Although it is inevitable that CCRT will be associated with enhanced acute toxicity (12,13), there has been a lack of animal studies on the relation between adverse effects and the timing of administration of anticancer drugs. Therefore, we performed the present investigation using αT3 transgenic mice bearing SV40-induced undifferentiated lens epithelial tumors (17,18). Comparison of the three combined treatment groups showed that the antitumor activity of CCRT was superior with respect to the tumor reduction rate and the apoptotic effect, although leukopenia was also most severe. In contrast, when cisplatin was administered before radiotherapy the antitumor activity (both tumor reduction rate and the apoptotic effect) was lower than with CCRT or with administration of cisplatin after radiotherapy, and there was a significant difference in the extent of apoptosis between the CCRT group and the cisplatin-first group (P=0.031). Although leukopenia was less severe in the cisplatin-first group, there was no significant difference from the other groups. These results suggest that it may be unwise to administer cisplatin before radiotherapy. It was recently reported that neoadjuvant chemotherapy with weekly paclitaxel and carboplatin before CCRT is beneficial for locally advanced cervical carcinoma (31,32). Therefore, further studies are needed to examine the effectiveness of such agents with radiotherapy in our animal model.
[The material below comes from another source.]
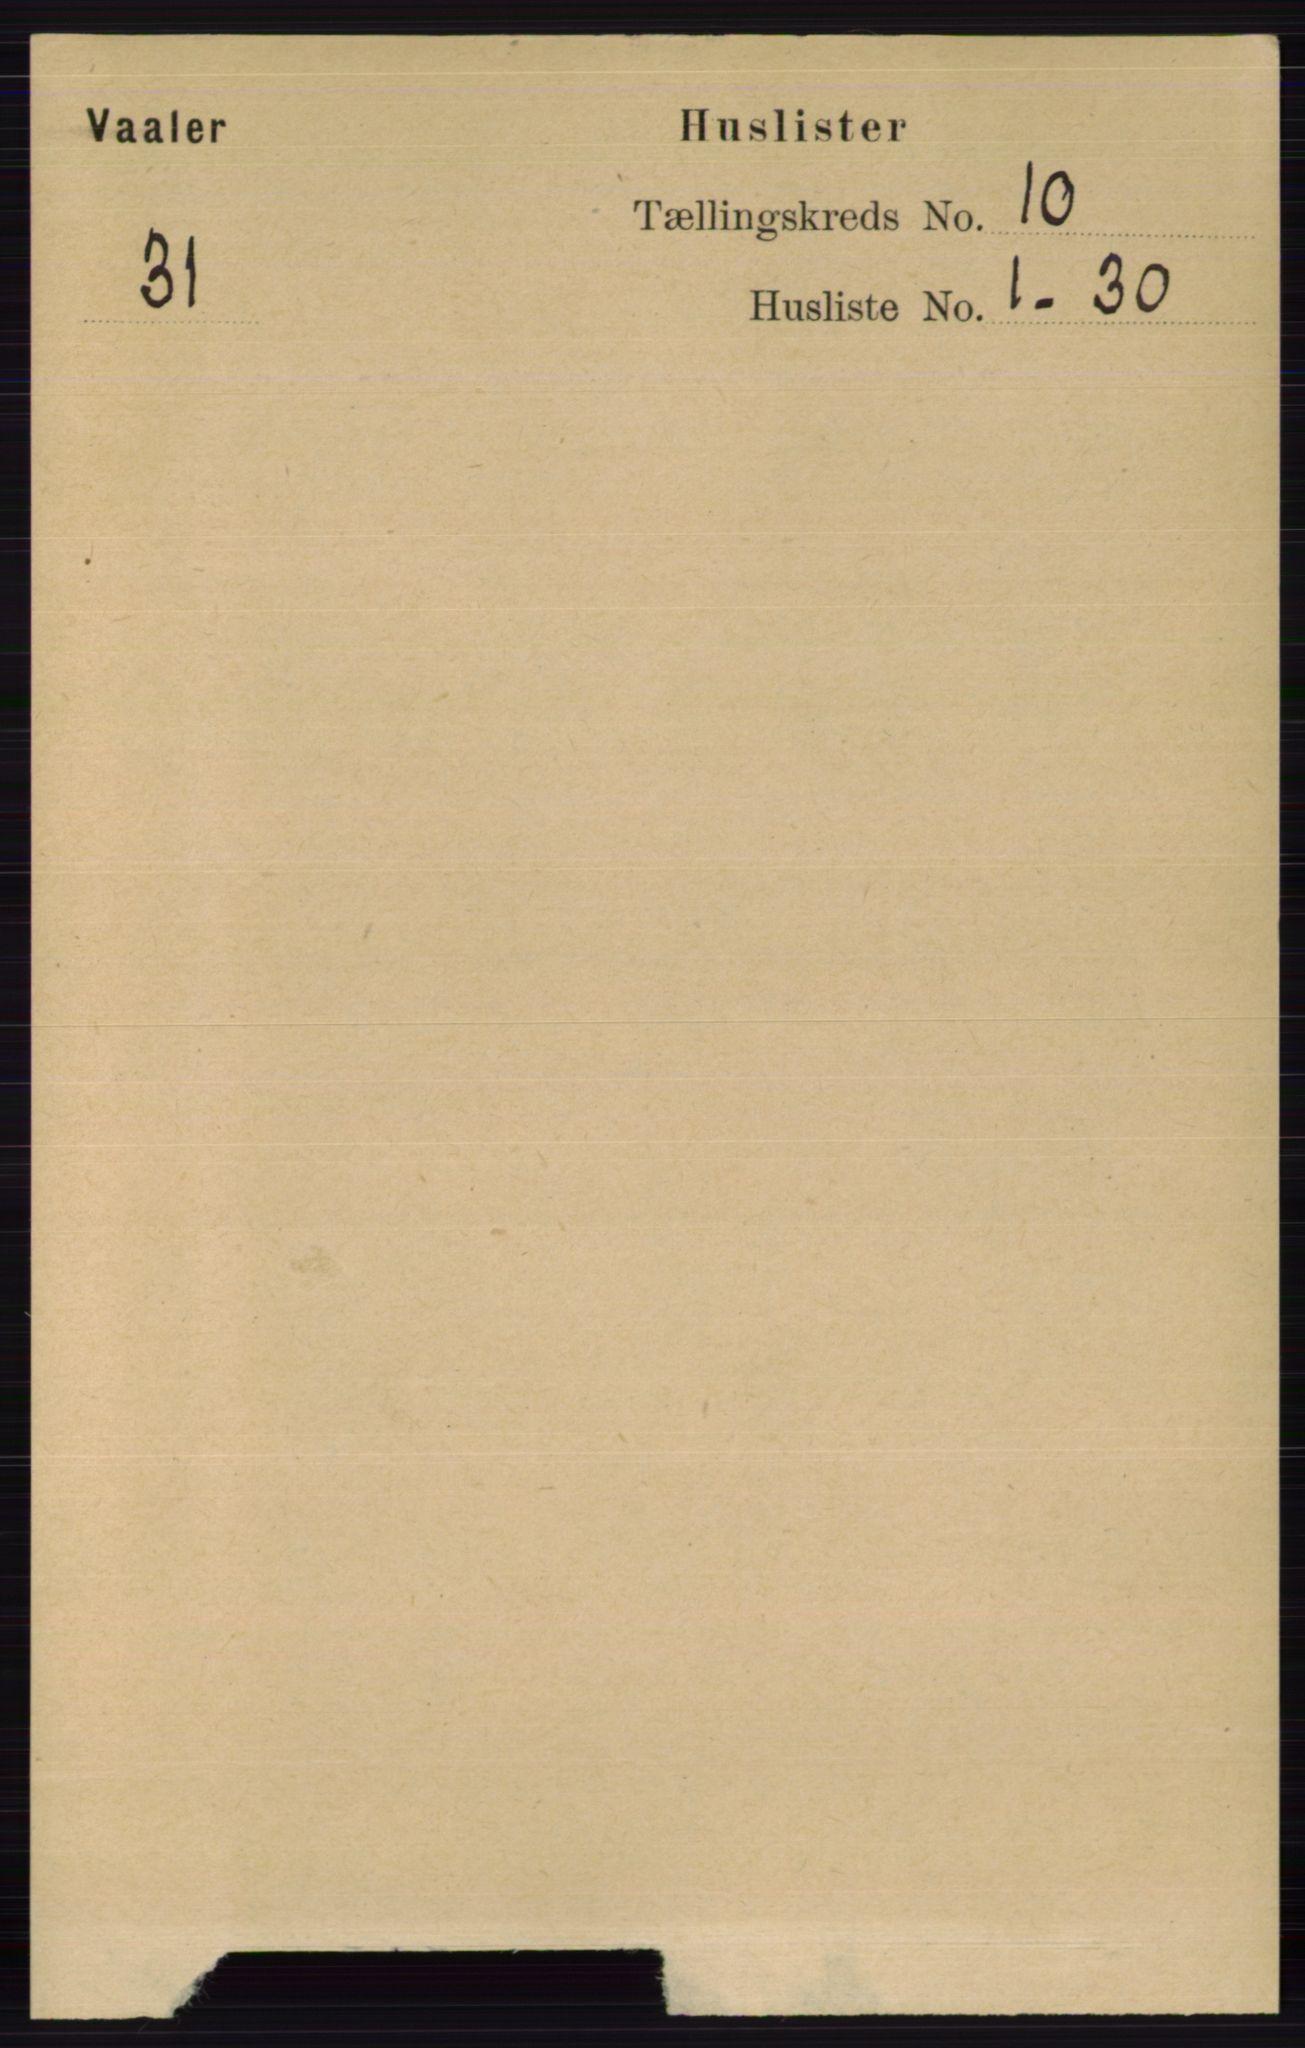 RA, Folketelling 1891 for 0426 Våler herred, 1891, s. 4116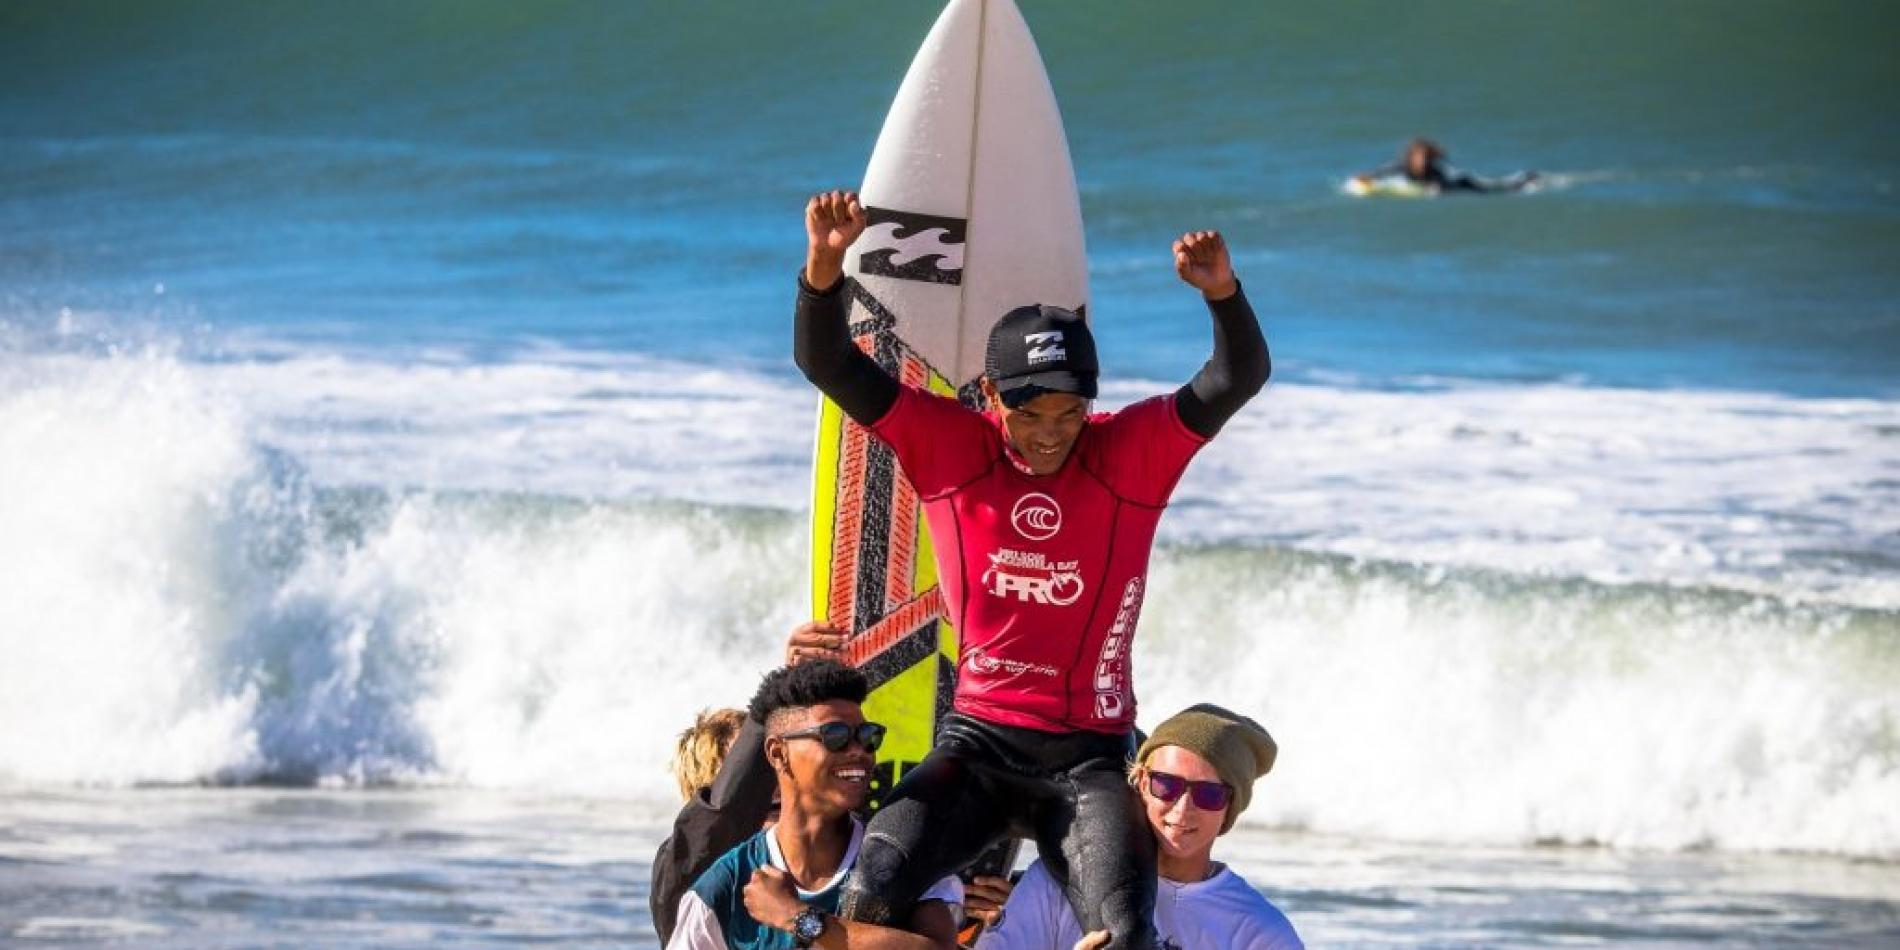 Nelson-Mandela-Bay-Surf-Pro_IanThurtell_Joshe-Faulkner2-1-1024x683

In conclusion, the present study performed on mice did not show the superiority of CCRT over administration of chemotherapy after radiotherapy with respect to efficacy and adverse effects, therefore we could not demonstrate that CCRT is the optimum treatment. However, our findings in this animal model demonstrated that chemotherapy with cisplatin should probably not be performed before irradiation for the treatment of cancer.